А еще через некоторое время дошел до него слух, что зодчий продал свой дом и покинул Герат. Рано поутру пошел он, как обычно, к Чашмаи Хизр, еле сдерживая слезы при мысли, что ему не удалось проститься с зодчим, и, набрав бурдюк кристально чистой воды, направился к дому Наджмеддина Бухари, постучался в калитку, уже успевшую стать ему дорогой по воспоминаниям. И думалось Али: вот сейчас выйдет кто-нибудь из учеников устада, а может, выглянет на стук и сама Бадия и, приветливо улыбаясь, со словами сердечной благодарности велит ему вылить воду в огромный кувшин, стоящий в углу кухни. Но вдруг его осенило: ведь раньше-то, когда здесь жил зодчий с семьей, калитка вечно была не на запоре, а теперь калитка оказалась подперта с той стороны тяжелым колом. Но вот загрохотала цепь, стукнула щеколда, и в полуоткрывшемся проеме калитки показалось чье-то лицо – угрюмое, злое.
– Тут прежде жил господин зодчий. Теперь вы сюда переехали?
– Я купил этот дом.
– Я Али-мешкобчи. Я жил вон там, в каморке вс внешнем дворе. Скучно мне стало, тоскливо, вот я и пришел. Без дела пришел, сами ноги меня сюда привели. Что за славный человек зодчий! Таких теперь не найти.

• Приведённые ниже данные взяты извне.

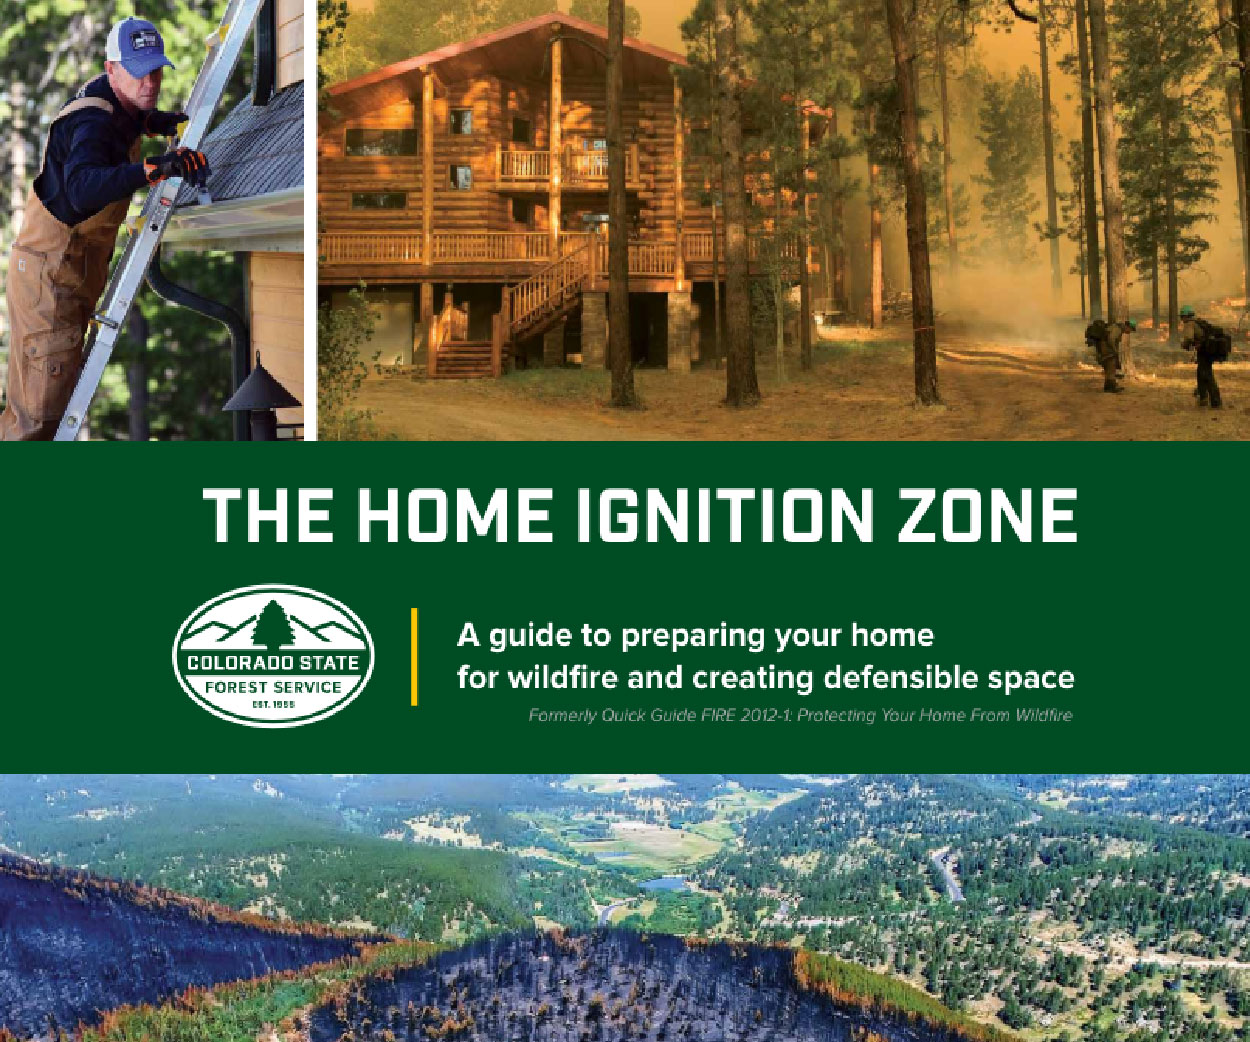 Home Ignition Zone Guide link
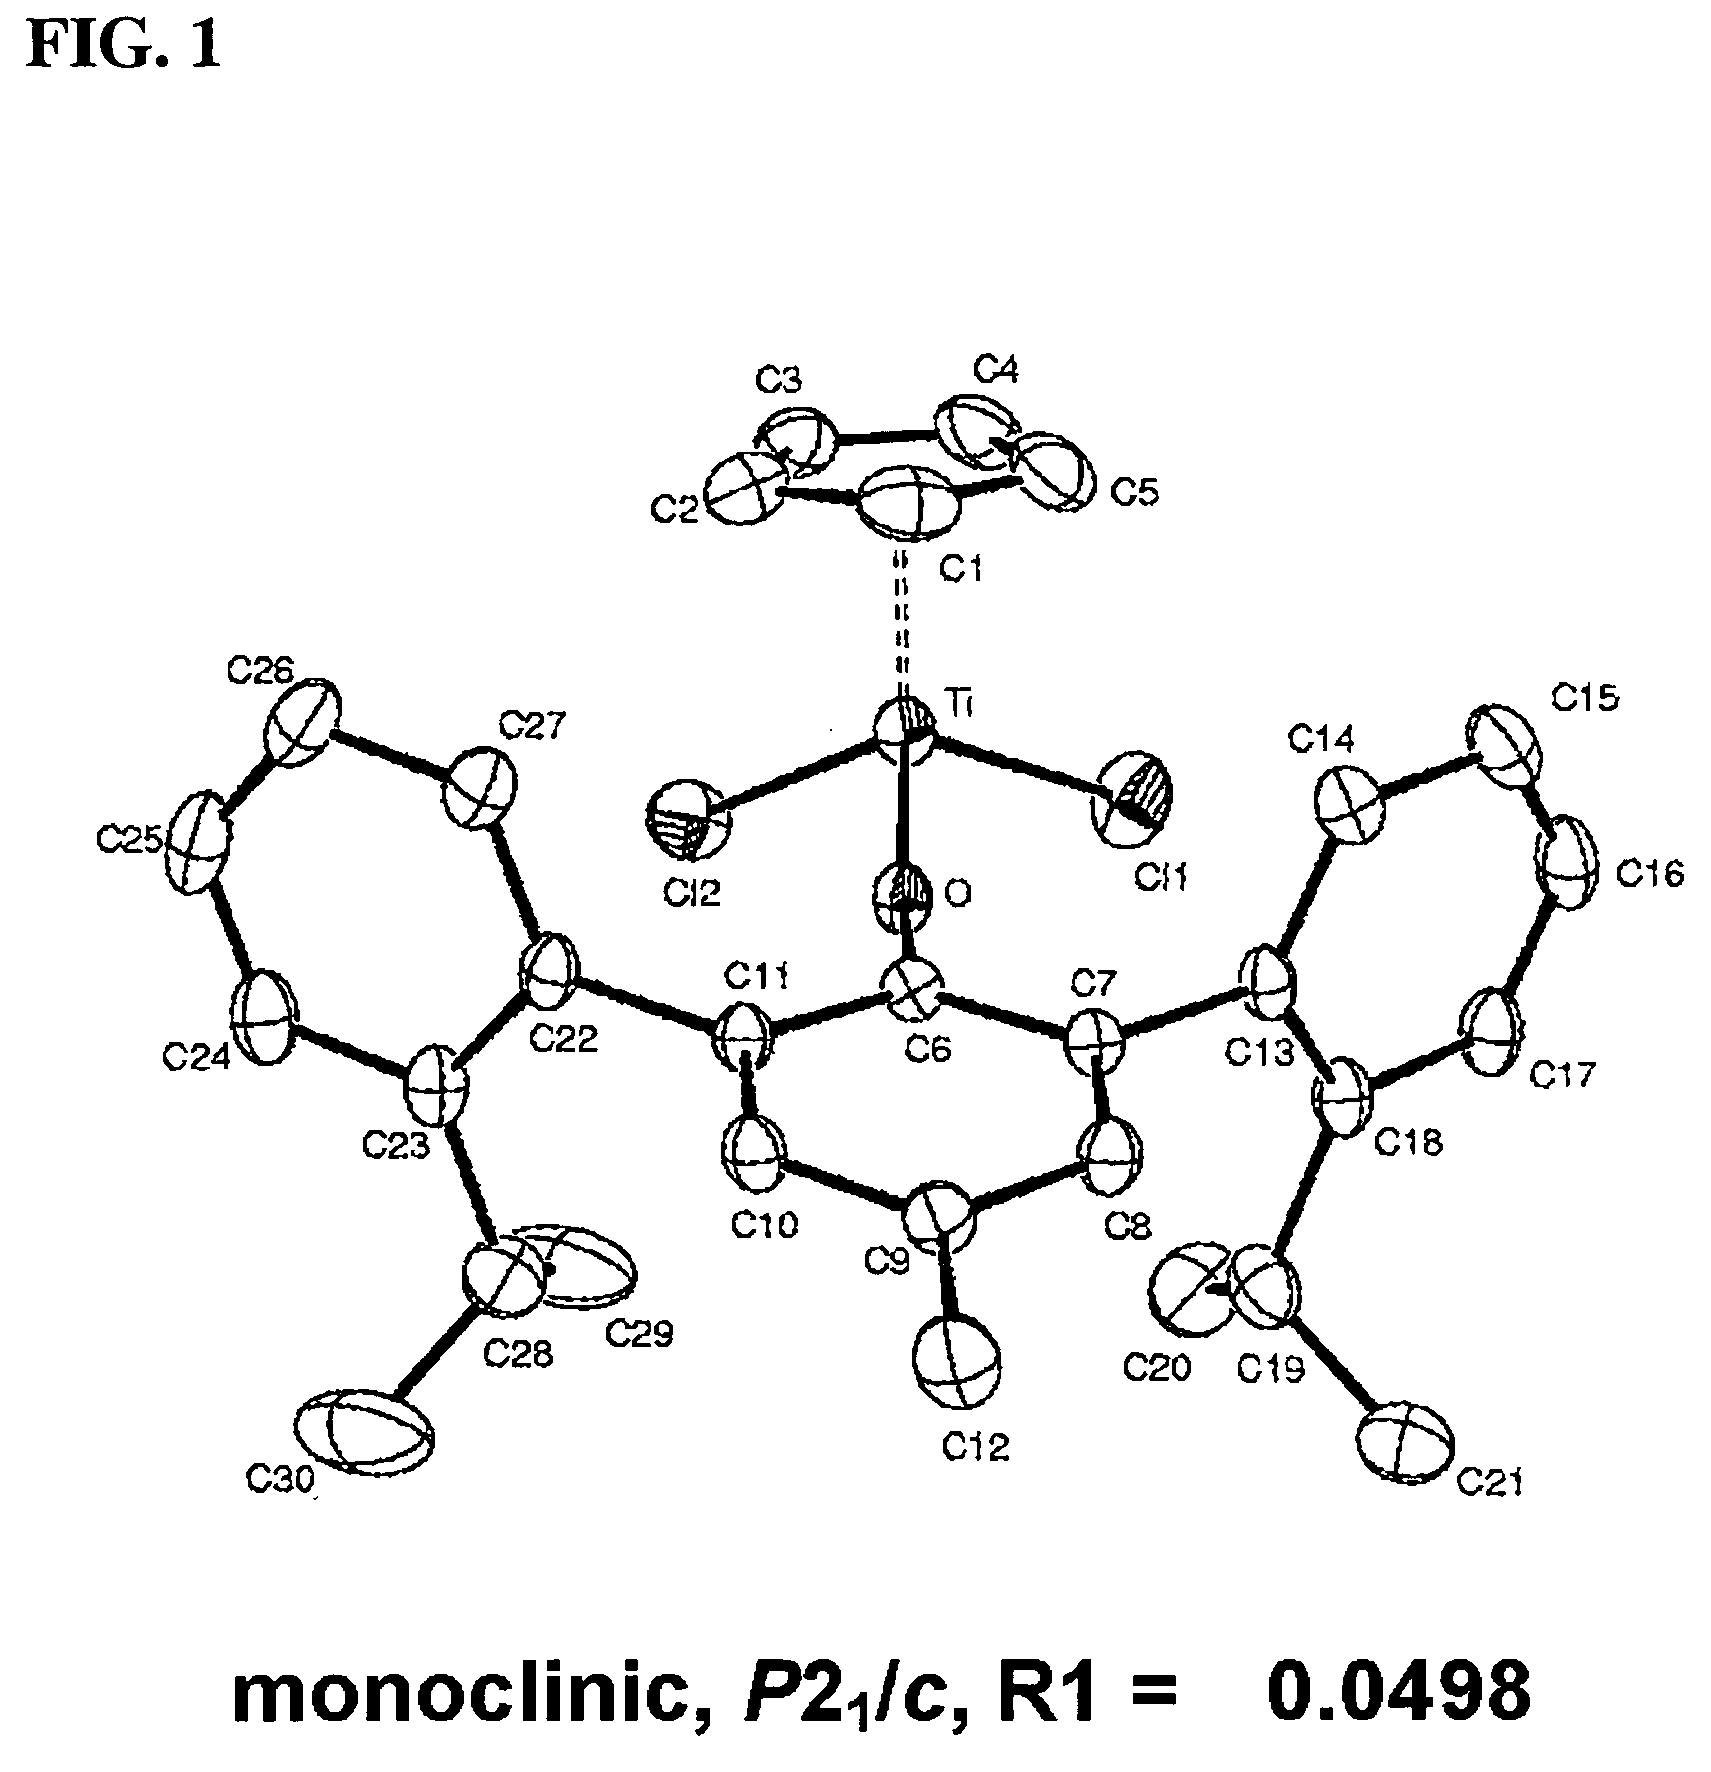 Arylphenoxy catalyst system for producing ethylene homopolymer or copolymers of ethylene and alpha-olefins

Щедрый, всегда готов приютить бездомного странника.
– Если побежишь за ним, догонишь. Этот твой добряк не добрался еще до Бухары, – сказал хозяин, окинув пренебрежительным взглядом невзрачную фигуру Али. – Может, та каморка твоя?
– Упаси аллах, господин! Я человек бедный, ничего у меня нет. Тоска меня сюда пригнала.
– А еще что скажешь?
– Ничего.
Хозяин со стуком захлопнул калитку и ушел в дом.
– Ах, в какие жестокие времена живем мы, – вздохнул Али. – Неужто человек так может относиться к человеку? Дав напиться из своего бурдюка попавшимся навстречу мальчикам, он зашагал дальше. Пройдя Пули Малан, он уже приблизился к минаретам, но тут, еще издали заметив его, путь ему преградил юродивый Меджнун, – видно, его тоже мучила жажда.
– Дай воды, – потребовал он.
– На, пей! – Али наполнил деревянную чашку водой и протянул юродивому. – Пей, родной. Видно, я впрямь нет у меня в городе иного друга, кроме тебя.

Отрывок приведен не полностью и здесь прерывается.